The positive side of feeling a little bit more mature is that you’re given a greater sense of self assurance, a confidence in your own beliefs and opinions and a willingness to stand out. What’s not quite so good is veering dangerously between being disapproving and downright critical of those a bit younger than yourself. To illustrate, a few weeks back I found myself watching a rather bizarre programme about beauty pageants and being sufficiently saddened when one aspiring child model expressed a wish that they could fast forward time and instantly become a teenager, or even a fully fledged adult. I found myself shaking my head, lamenting what seems to be the complete loss of childhood in the modern era…until I realised I was being a complete hypocrite. I’ve done it myself. We all have. Spent time willing for the day that you could be that bit older, to reach a certain age that bit faster (whatever that age is, it doesn’t have to be one of the traditional milestones) so you could reach the top cupboard where the biscuits are kept without assistance, be allowed out by yourself and for longer, be finally taken seriously by everyone else as much as you regard yourself to be. And when you get there, you spend half the time thinking that it’s not quite all it’s cracked up to be, and actually, it’d be quite nice to be completely irresponsible with no weight of worries again. The grass is always greener, and all that.
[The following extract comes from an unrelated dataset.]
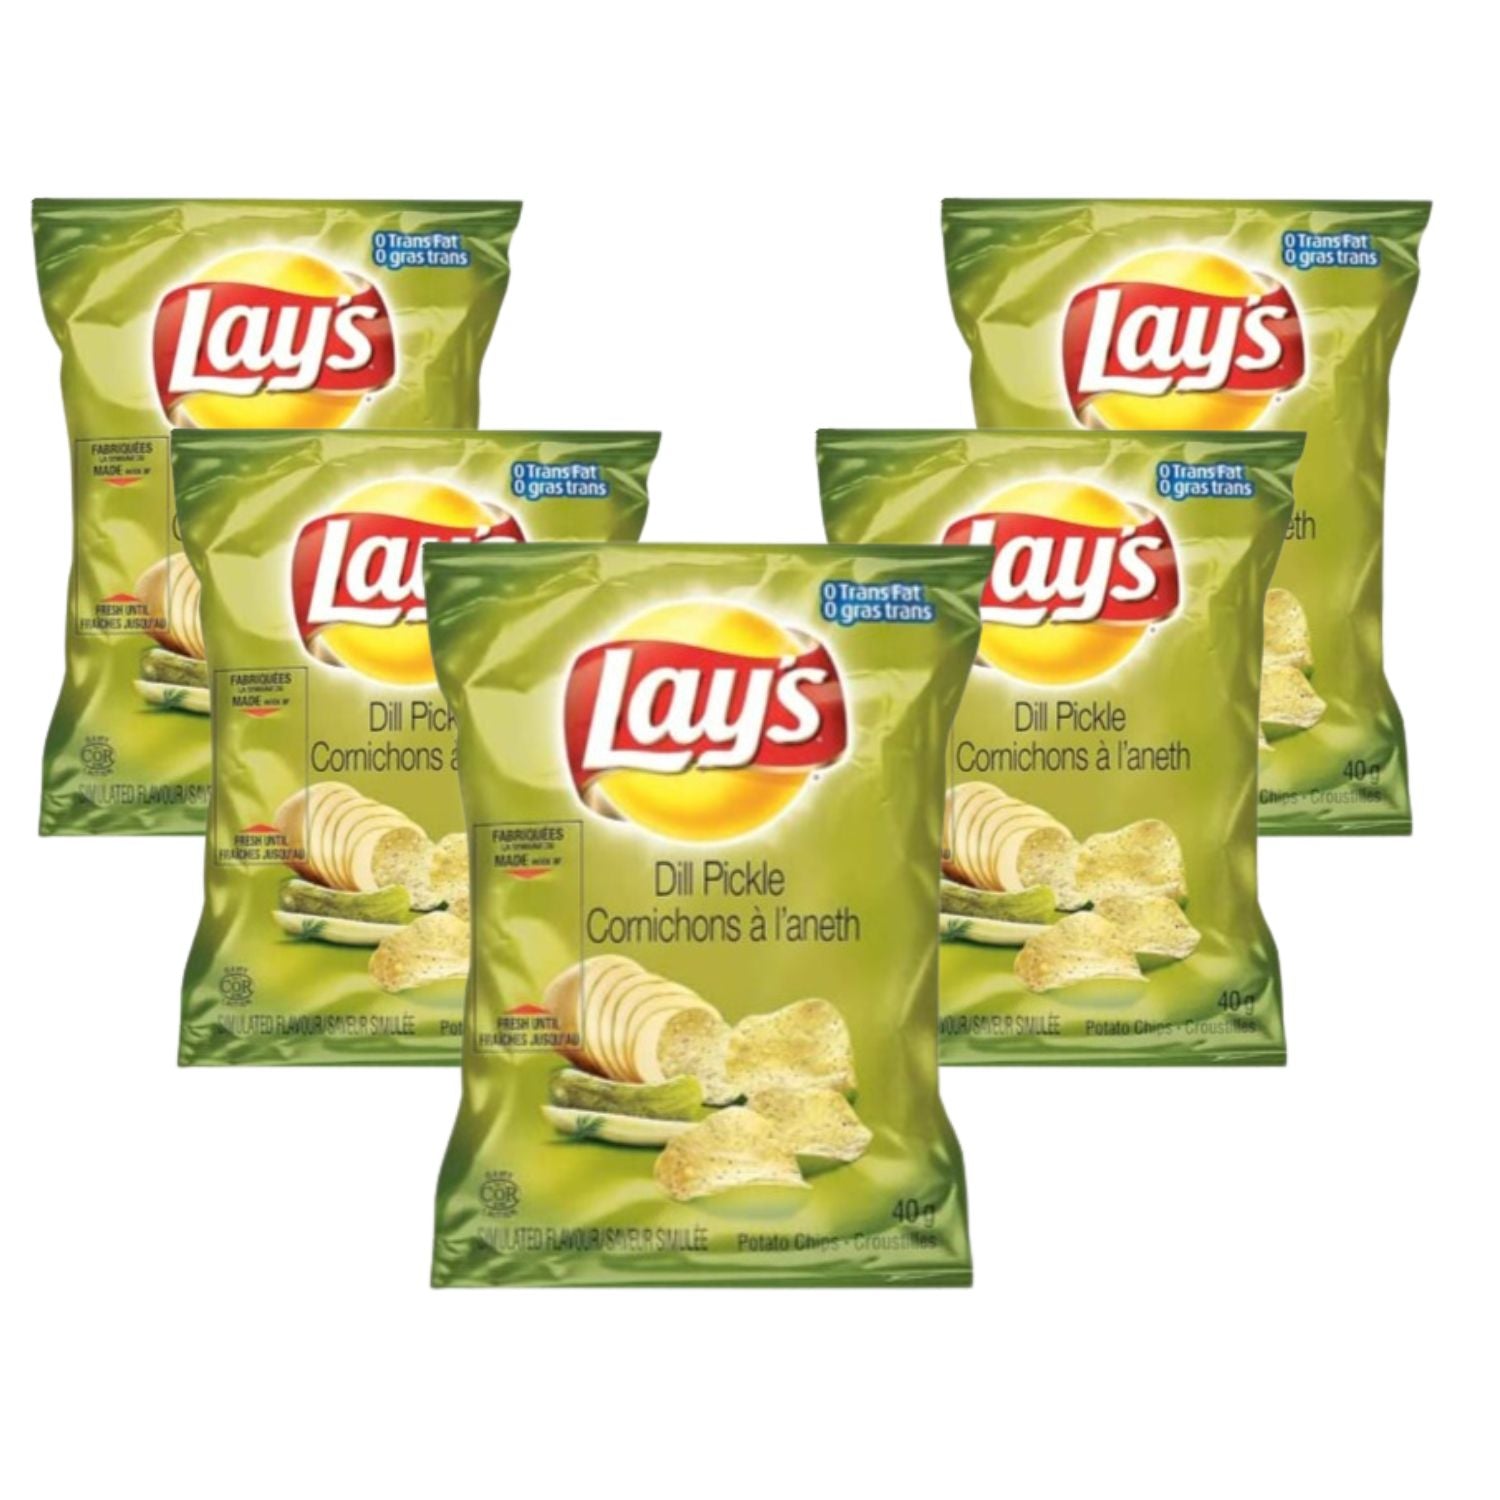 Lays Dill Pickle Potato Chips Snack Bag pack of 5

Which brings me to this brilliant poem by A.E Housman, and the opposition it presents between the bright-eyed, blustering, blind to reason youth and the well-versed, experienced student from the university of life. So much can be taken from those apparently plain lines “But I was one-and-twenty, no use to talk to me”; it seems to sum up so many aspects of youth, its tendency to be flighty and preoccupied, even naïve but somewhat paradoxically, the sense of knowing-it-all, which of course comes crashing down in the shortest space of time – the lesson being learnt but a year later. Yet I don’t think it simply demonstrates that being older means knowing better; we are told that the man is wise, not how old he is. Whatever age you are, there are always lessons to be learnt, especially when you have yet to deal with something firsthand. And unfortunately, it’s also the case that you’re unlikely to listen to the voice of experience until a price has been a paid.
When I Was One And Twenty
When I was one-and-twenty
I heard a wise man say,
"Give crowns and pounds and guineas
But not your heart away;
Give pearls away and rubies
But keep your fancy free."
But I was one-and-twenty,
No use to talk to me.
When I was one-and-twenty
I heard him say again,
"The heart out of the bosom
Was never given in vain;
'Tis paid with sighs a plenty
And sold for endless rue."
And I am two-and-twenty,
And oh, 'tis true, 'tis true.
A.E Housman (1859-1936)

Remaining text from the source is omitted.